9. I Love You Phillip Morris (2009)
Piper’s on-and-off, behind-bars, and before-them romance with Alex (Laura Prepon) continues to be a central part of her prison experience in Orange Is The New Black. The love story between con man Steven Jay Russell (Jim Carrey) and fellow inmate Phillip Morris (Ewan McGregor) in this 2009 movie is goofier, but no less fraught and dysfunctional. Steven’s deep and genuine feelings for the sweet-natured Phillip don’t stop him from compulsively lying and committing crimes, dragging the two of them in and out of jail to Phillip’s increasing distress.
10. Bronson (2008)
The more we see of the formidable Vee (Lorraine Toussaint), the major new addition to Orange Is The New Black in its second season who shakes up things for all the other inmates, the more it seems like some people are actually best suited for life behind bars. That’s also the case for the title character of Bronson, a career prisoner played by Tom Hardy. This fictionalized portrait of a real man, directed by Drive’s Nicolas Winding Refn, shows Bronson as someone who believes that being an unpredictable, violent criminal is his true calling.
11. The Experiment (2001)
Inspired by the Stanford prison experiment, Oliver Hirschbiegel’s film about what happens when 20 volunteers are hired by a psych professor to play guards and prisoners is an accelerated, extra-dark take on the abuses of power that Orange Is The New Black depicts so well.
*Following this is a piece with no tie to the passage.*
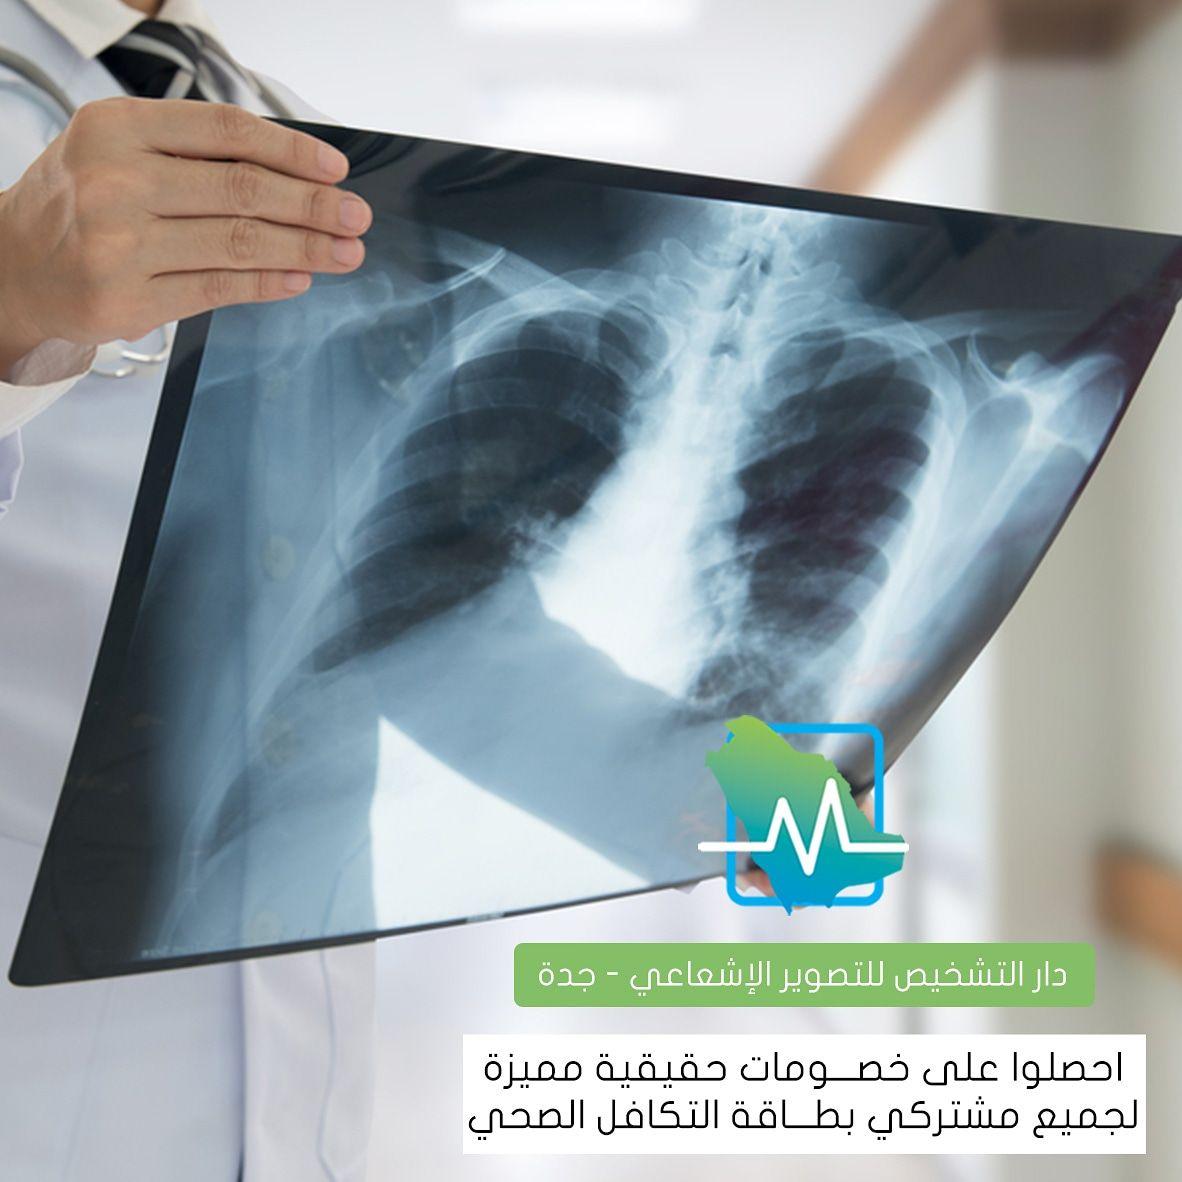 حافظ على صحتك واكشف عندنا في دار التشخيص للتصوير الإشعاعي في جدة وبخصومات على بطاقة التكافل الصحي صحة علاج أشعة تصوير Health Insurance Tv Health
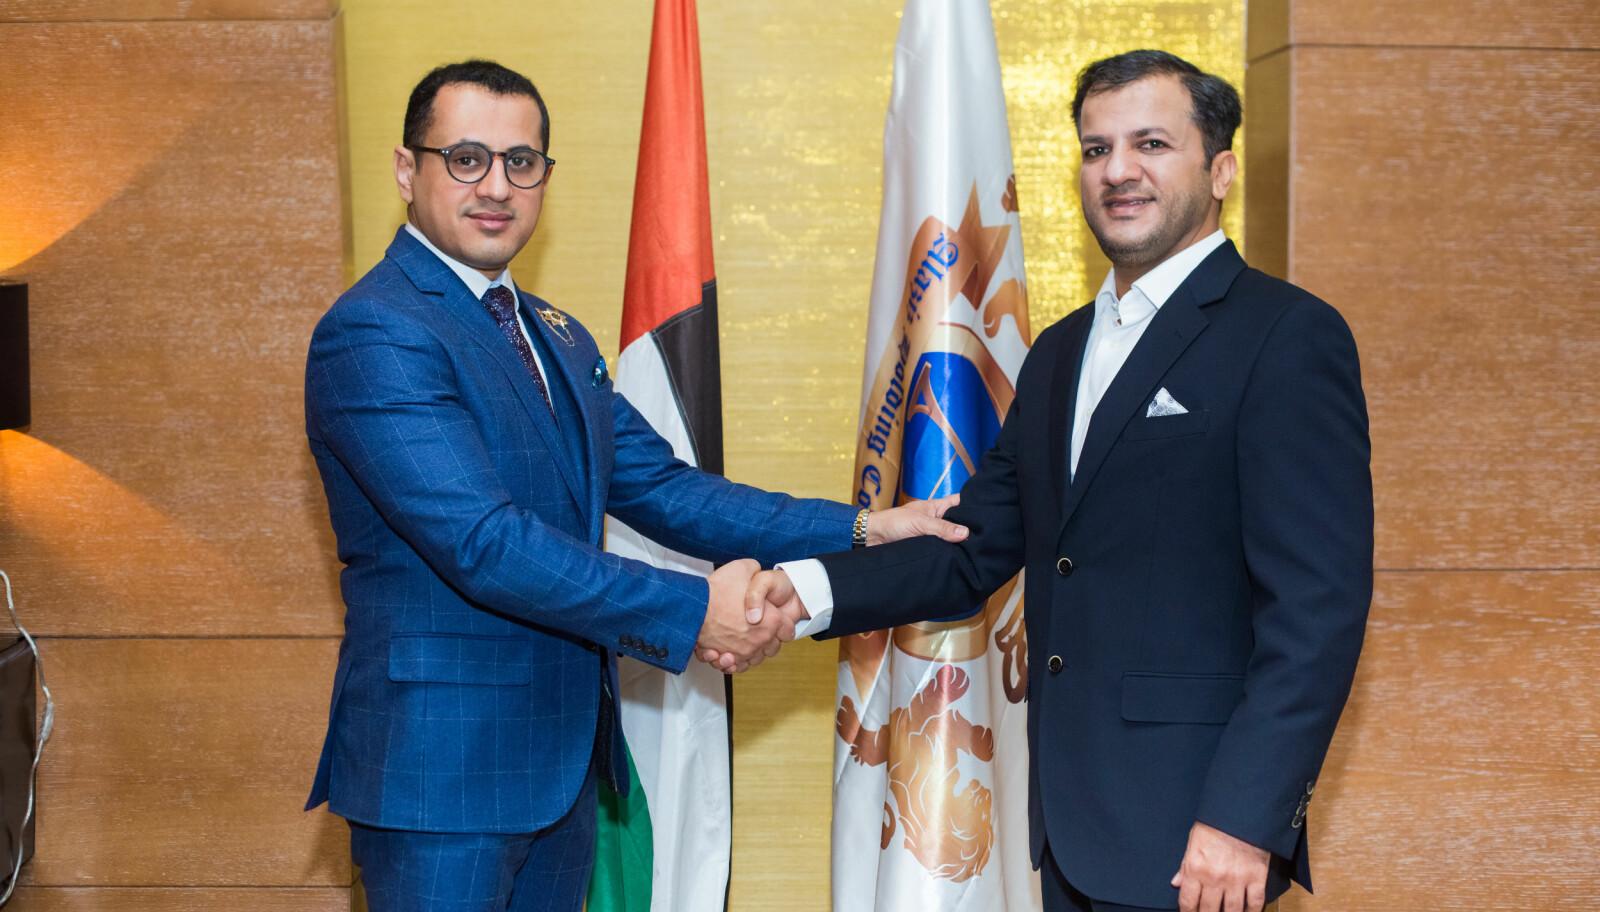 Talal Al Hammadi (til høyre) har flere grader fra instituttet han selv oppgir å eie deler av — og som ble opprettet av Azab Alaziz-Alhashemi. Her fra et arrangement flere av Alaziz-Alhashemis organisasjoner skal ha holdt i Baku i Aserbajdsjan.

The Litchfield guards and administration may not go to the extremes of the character played by Justus von Dohnányi in The Experiment, but the themes remain the same — when people are stripped of rights, there’s nothing they can do to protect themselves, and the capacity for cruelty exists in everyone, especially when it carries no consequences.
12. Hunger (2008)
The hunger strike storyline in Season 2 of Orange Is The New Black is mostly played for laughs, even as it sends one character off to be force-fed against her will. Hunger, the first film from 12 Years A Slave director Steve McQueen, depicts the far more serious protest that was carried out by Bobby Sands (played by an excellent, pre-Magneto Michael Fassbender) and other Irish republican prisoners in 1981. A nearly dialogue-free first half shows the brutal conditions in the Maze Prison and the inmates’ resistance before the focus narrows in on Sands and the terrible physical toll of his decision.
13. Cool Hand Luke (1967)
The arrival of the babbling would-be activist Brook Soso (Kimiko Glenn) at Litchfield in Season 2 is an amusing play on someone who sees herself as Paul Newman in Cool Hand Luke, standing up to the system and rallying her fellow prisoners together, but who’s actually driving everyone nuts. Then again, Newman’s a lot more charming than the oblivious Soso in one of his iconic roles, confronting the Captain (Strother Martin), eating 50 hard-boiled eggs, and generally being one of the best-looking people to be part of a big screen chain gang.